In order to be able to efficiently free empty page table levels, count the
number of entries in each page table my incremeanting and decremeanting
refcount every time a PTE is inserted or removed form the page table.

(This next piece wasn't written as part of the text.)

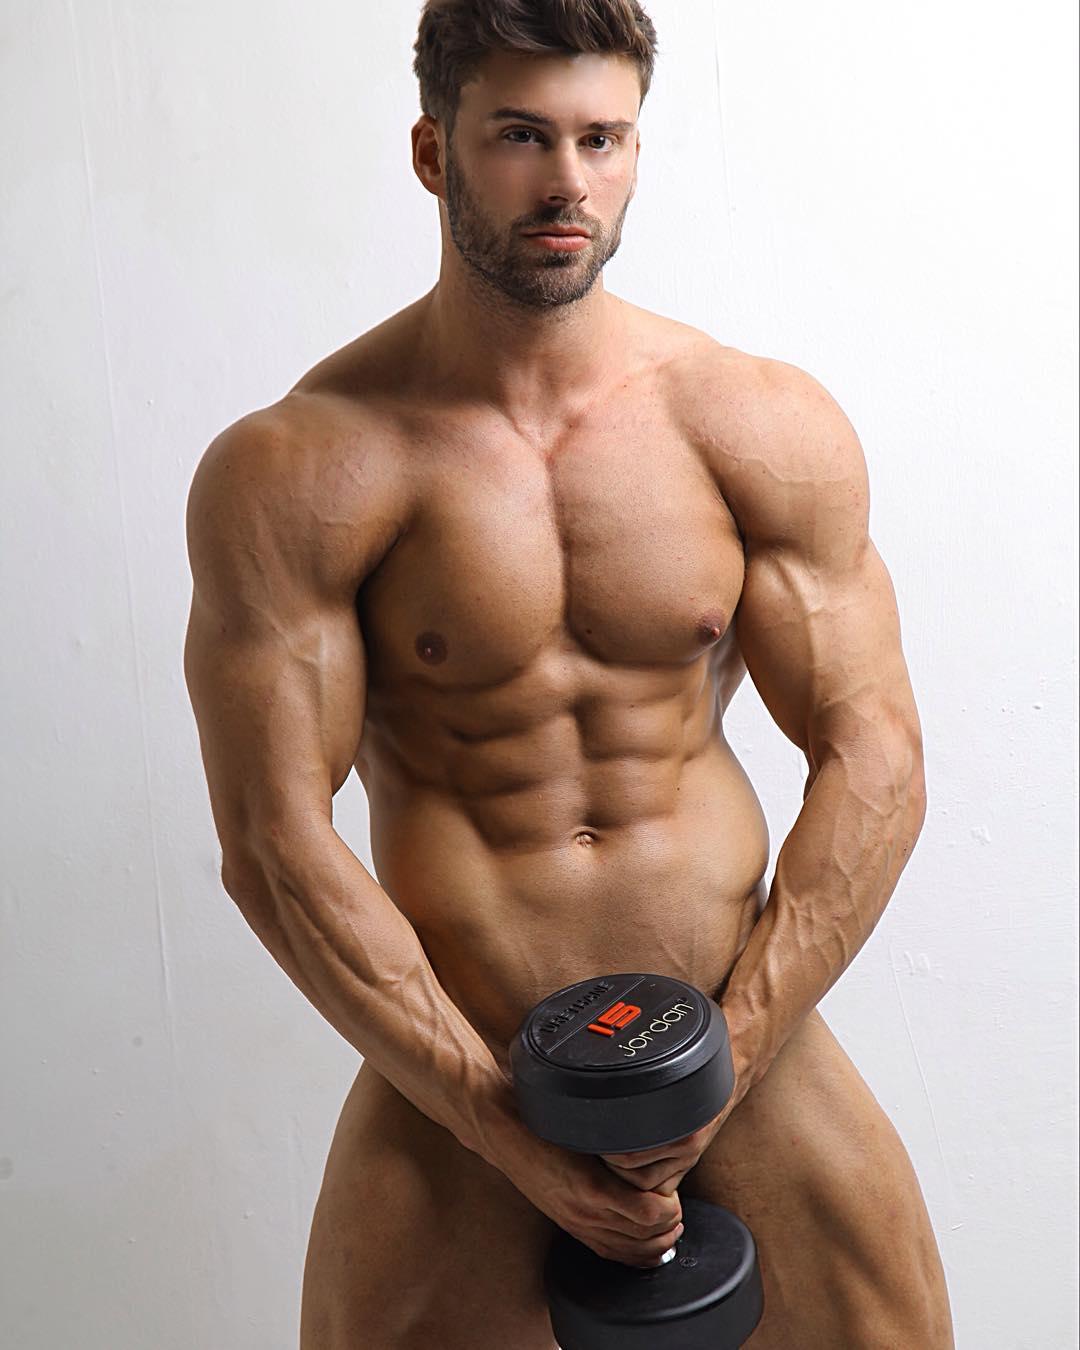 Liam Jolley Gay

For this to work correctly, add two helper function:
dma_clear_pte and dma_set_pte where counting is performed,

Also, modify the code so every page table entry is always updated using the
two new functions.

Signed-off-by: Pasha Tatashin <pasha.tatashin@xxxxxxxxxx>
---
drivers/iommu/intel/iommu.c | 40 +++++++++++++++++++++---------------
drivers/iommu/intel/iommu.h | 41 +++++++++++++++++++++++++++++++------
2 files changed, 58 insertions(+), 23 deletions(-)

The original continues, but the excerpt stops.